Need help with customizing data retention

Hello there,

If you are willing to help me, I’ve few questions regarding data retention with pnp4nagios :

  1. What is the approximative size of a single data?

I’ve done an approximative calculation based on the logs size divided by the number of checks historized and it seems to be around 100 bytes. Could you confirm that?

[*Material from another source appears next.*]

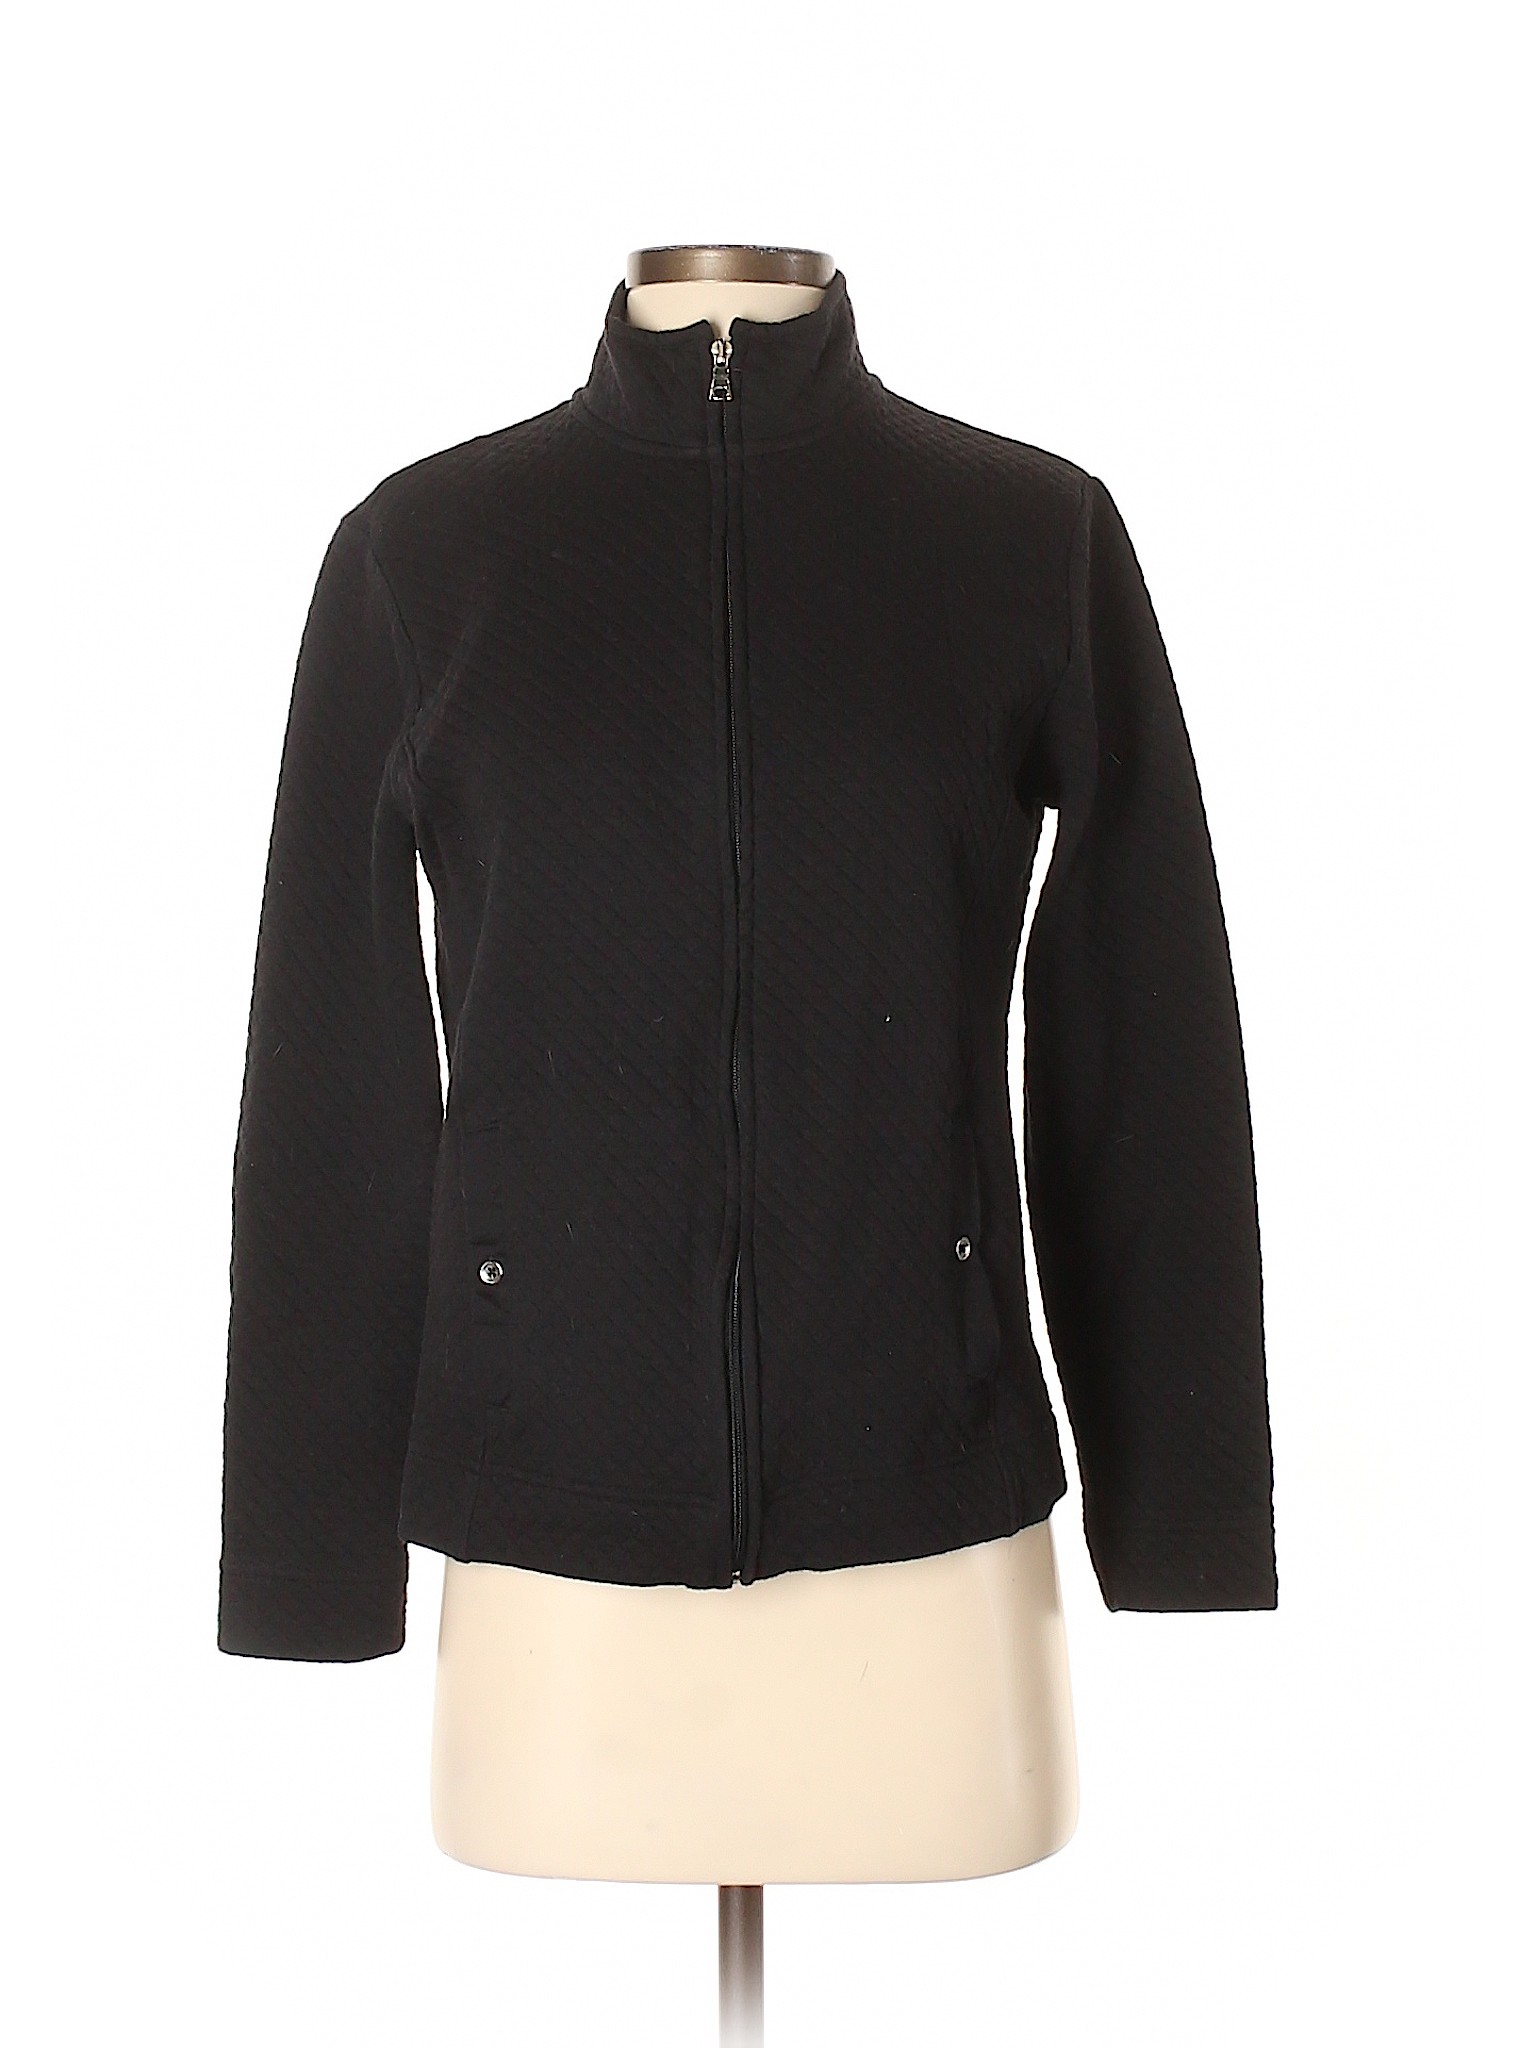 Croft & Barrow Women Black Jacket S | eBay

  1. Based on my approximative result and my needs, i’ve calculated the approximative disk space required with the following maths :

Size_Needed = (Nb_Service * Nb_Host * Data_Size * (Data_Retention_Time / Data_Interval)) / Size_Unit

Nb_Service = an average number of service monitored per host
Nb_Host = number of hosts monitored
Data_Size = single data size (one result of one service check) (in bytes)
Data_Retention_Time = how long data is retained (in seconds)
Data_Interval = Check interval (in seconds)
Size_Unit = 10^9 (Value to convert bytes to Gigabytes)

This returned me 313 GB of disk space needed for a one year retention with a check interval of 60s on my network.

So here are my 2 questions on this point :

  1. Could you confirm my maths?
  2. Do you have any experience or knowledge concerning the performance/reactivity impact on the monitoring system? (Maybe some “best practise” to respect, like not going above 50 Gb of data retention…)

PS : I’m running 15K RPM disks.

Kind regards,

Jonathan

Your questions are answered in this manual article: https://checkmk.com/cms_graphing.html

1 Like

You forgot to say how many services you have and what type of service.
As addition to @r.sander it is important to see how many performance values your service gives back in the average of your systems.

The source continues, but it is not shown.